Hot Swap controllers guard against inrush current and short circuits, but reverse battery installation is another matter. In central office applications, OR-ing diodes block reversed input voltages. In systems with a single power source OR-ing diodes become unnecessary; although a single diode could be retained for reverse conditions, its forward drop loss is a significant penalty.

The circuit shown in Figure 1 eliminates the loss associated with a blocking diode.

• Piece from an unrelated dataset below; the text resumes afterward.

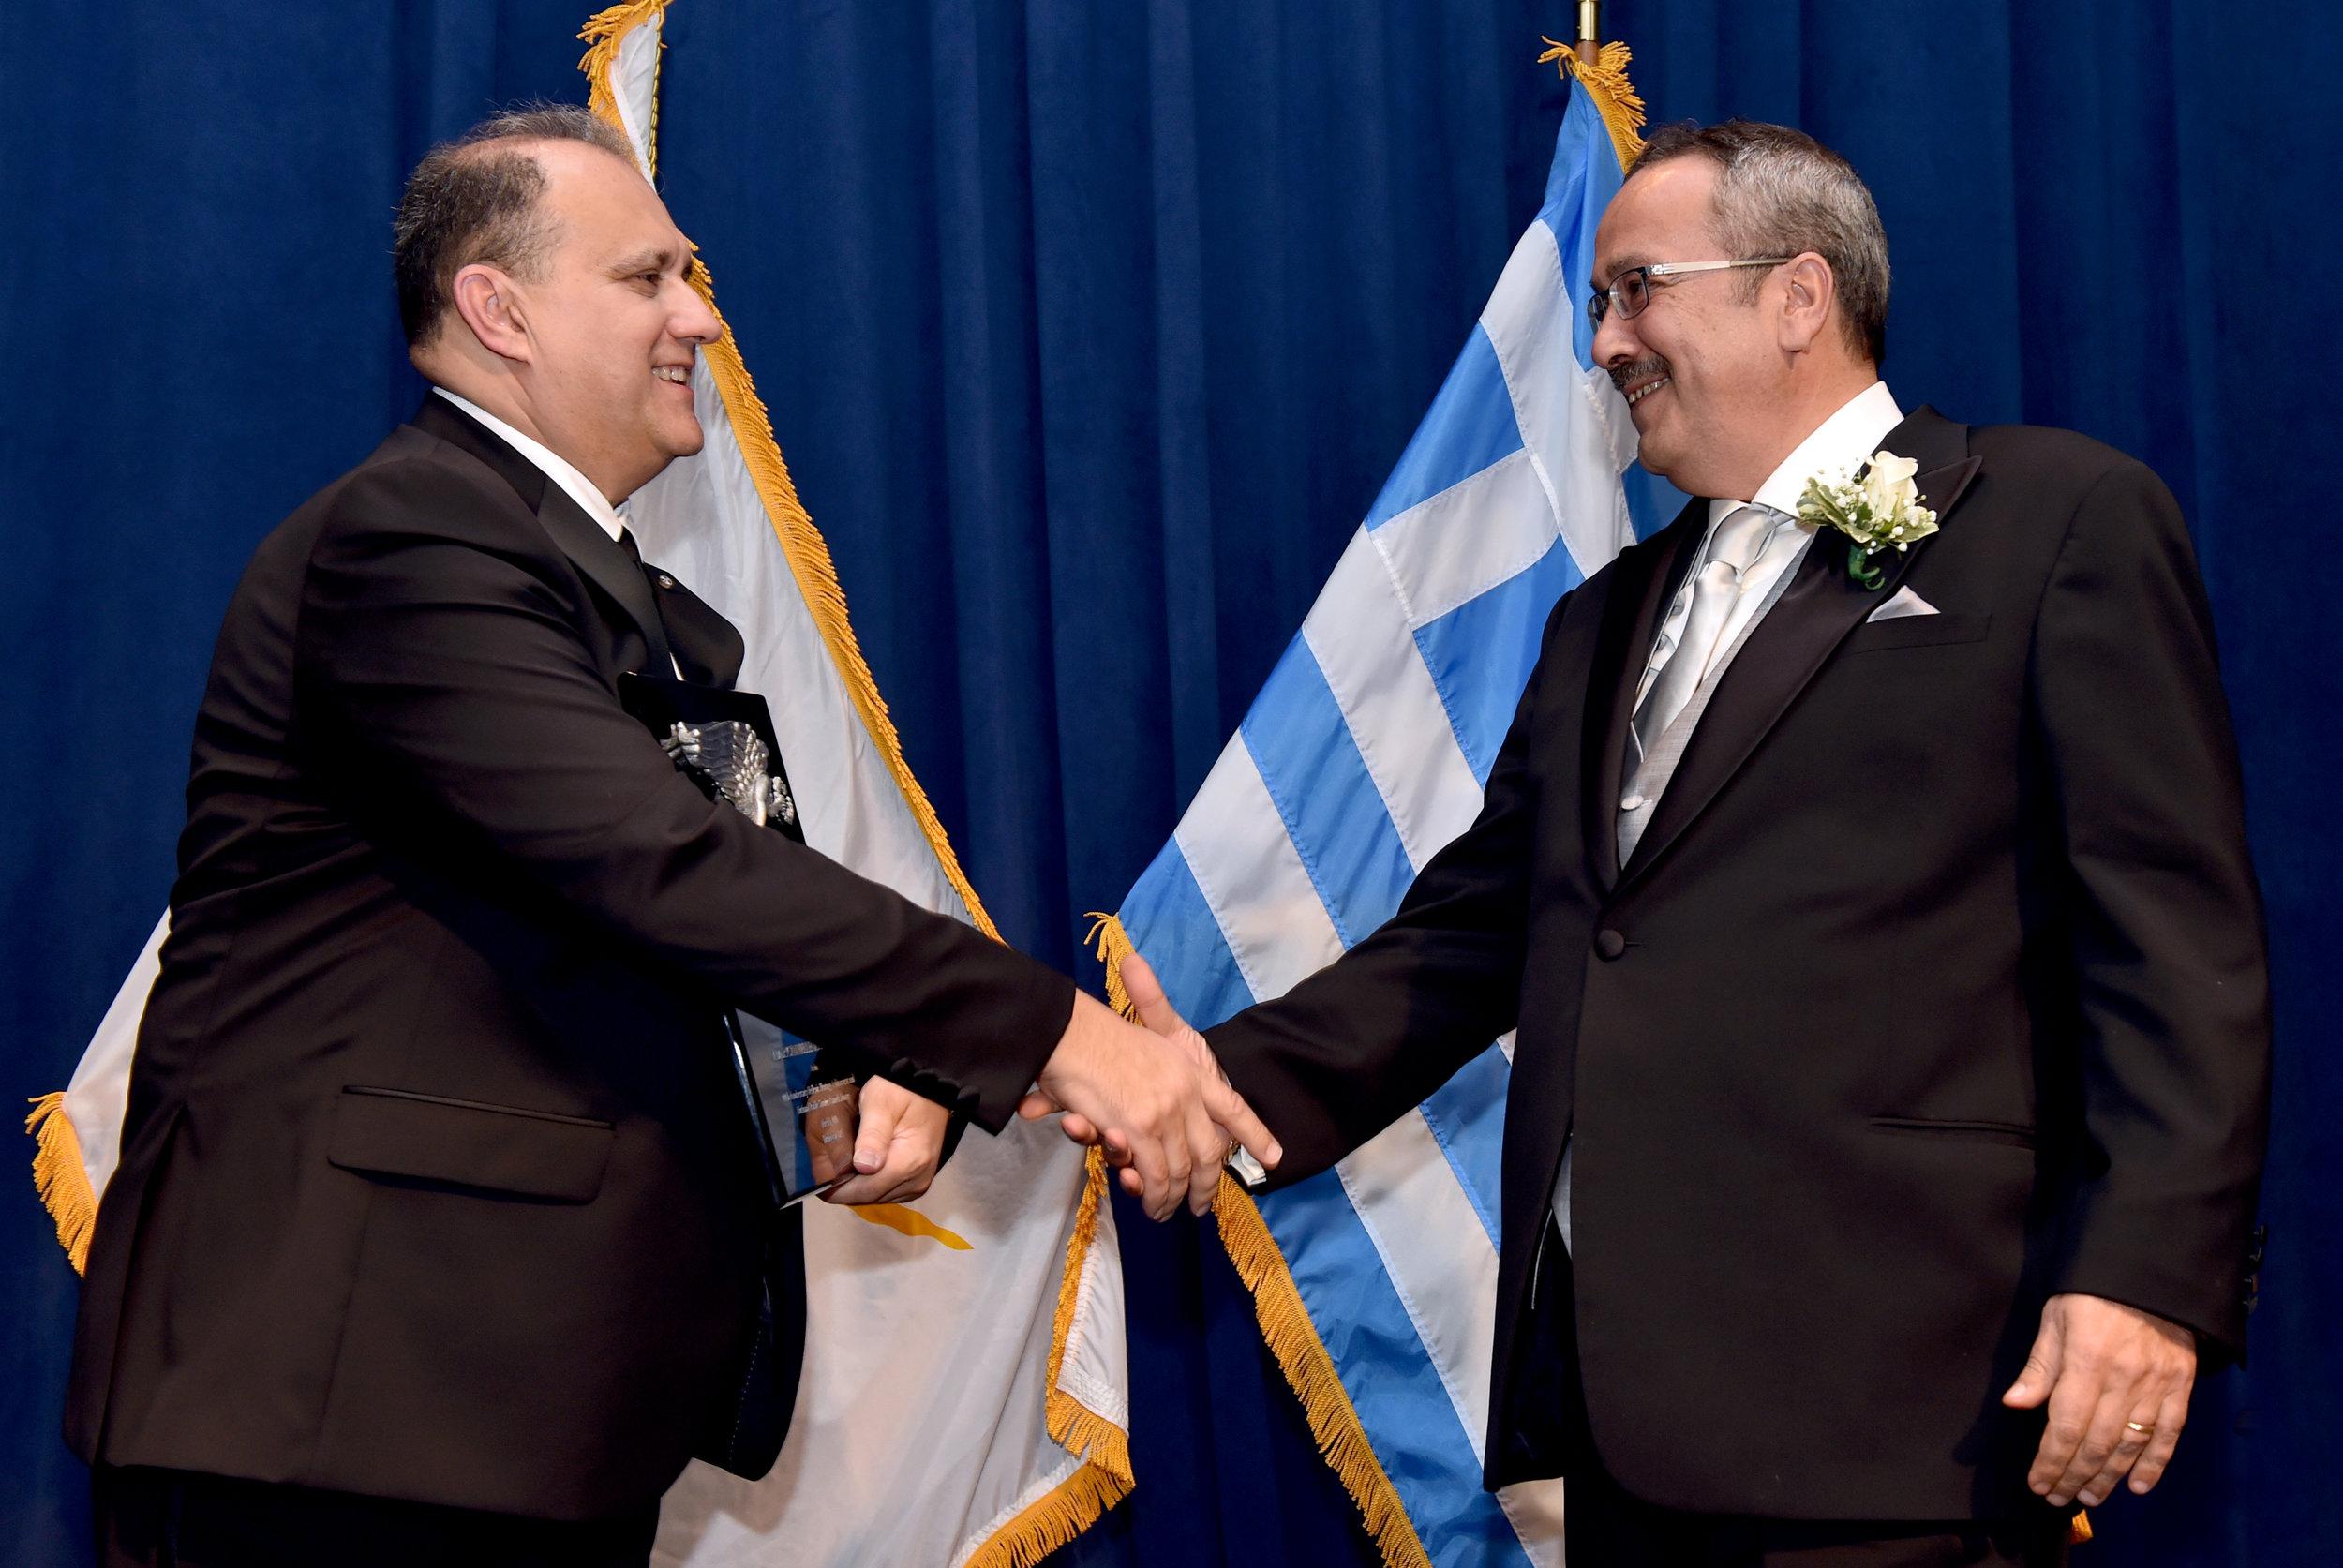 Dr. Spiro Spireas and AHI President Nick Larigakis

The LT1641 and Q1 handle familiar hot swap chores of undervoltage lockout, inrush control, short circuit protection and system reset, while Q2 and Q3 handle reverse input situations.

Figure 1. Reverse-battery protected LT1641 48V Hot Swap circuit.

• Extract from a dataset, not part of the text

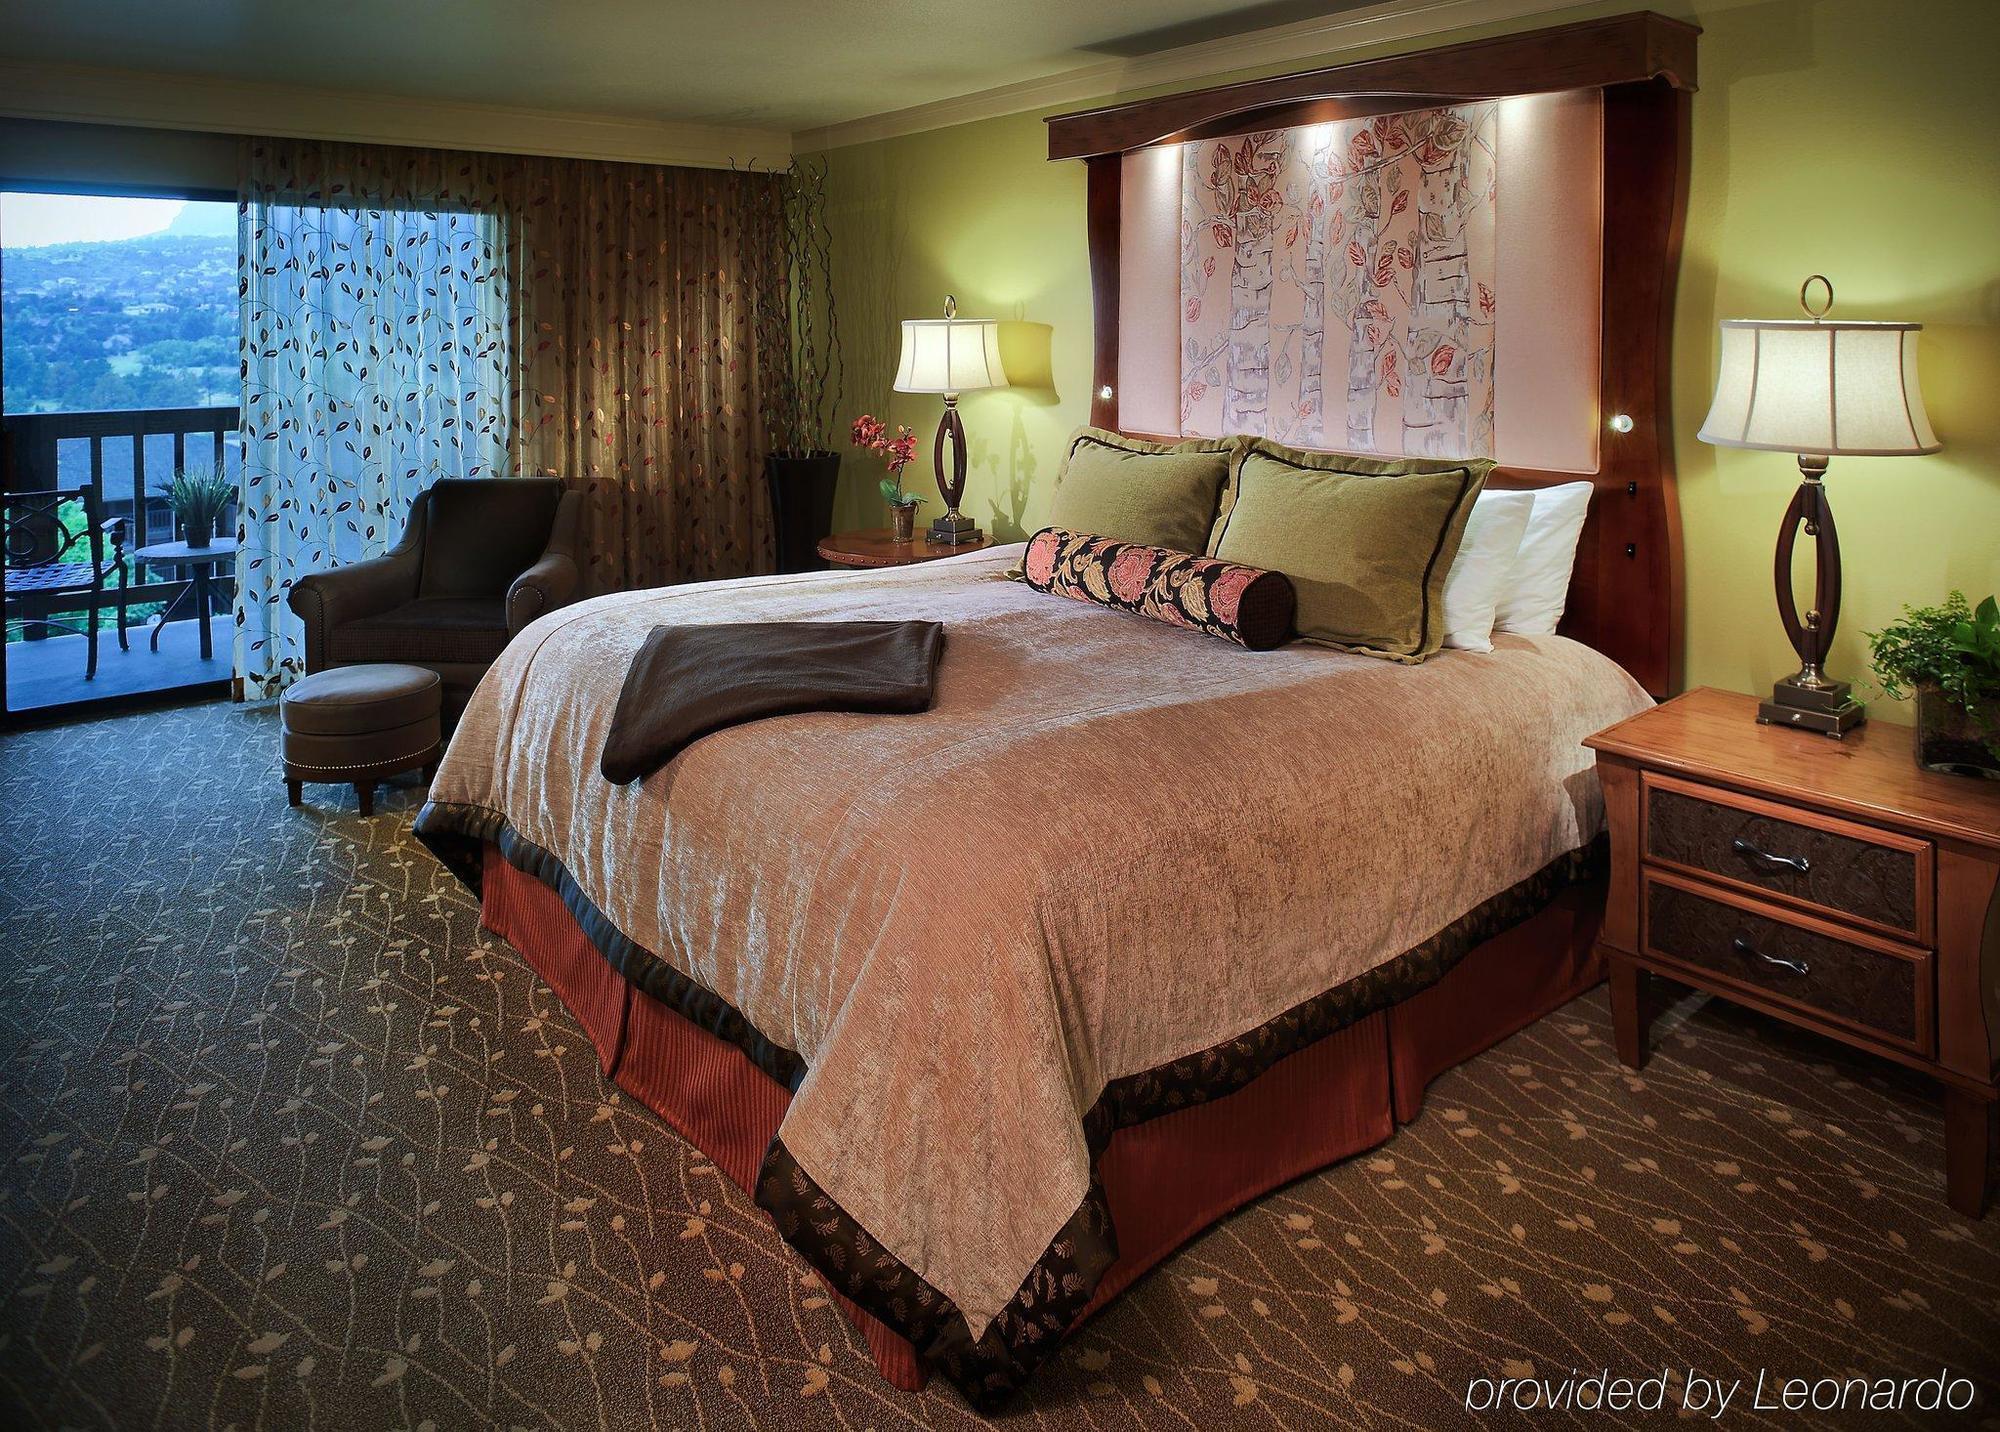 cheyenne mountain resort, colorado springs ****

Under positive input conditions, Q2’s body diode is forward biased and power reaches the LT1641 and Q1, allowing them to function in the normal manner. When the LT1641 is commanded to turn on, GATE (pin 6) and R7 slowly charge C1, thereby limiting the inrush current to CLOAD. The LT1641 drives both Q1 and Q2 fully into enhancement mode, minimizing losses and eliminating the drop in Q2’s body diode.

Q3 is included as part of the circuitry that blocks reverse inputs, yet it must “get out of the way” when positive inputs are present. With a positive input, Q3’s emitter is pulled up, dragging along its base via D2. Since the base is slightly negative with respect to the emitter, Q3 is off. A small current flows through resistor R9 to ground, but this is of no consequence. If the LT1641 is in the off state, GATE pulls low. Current flows from the forward-biased collector-base junction of Q3 to the LT1641’s GATE pin, but is limited by R7. When the LT1641 turns on, GATE pulls up above the input supply and the collector-base junction of Q3 becomes reverse-biased. Q3 is off, so no collector current flows and the LT1641’s GATE output is not loaded by Q3.

If a reverse input polarity is applied, Q3 goes to work and ensures that Q2 is held off. Negative inputs pull the emitter of Q3 below ground. Q3 turns on, biased by R9, and the collector effectively shorts Q2’s gate and source. With Q2 in the off state, no current can flow into RS, the LT1641 or Q1. The circuit can take up to –100V in this condition. Of course, some leakage current does flow in Q2; this is absorbed by D3.

This circuit can handle instantaneous steps from zero to ±75V. As shown, short circuit protection limits the output to 2.5A. Q1, Q2, and RS can be scaled to handle loads in excess of 1kW.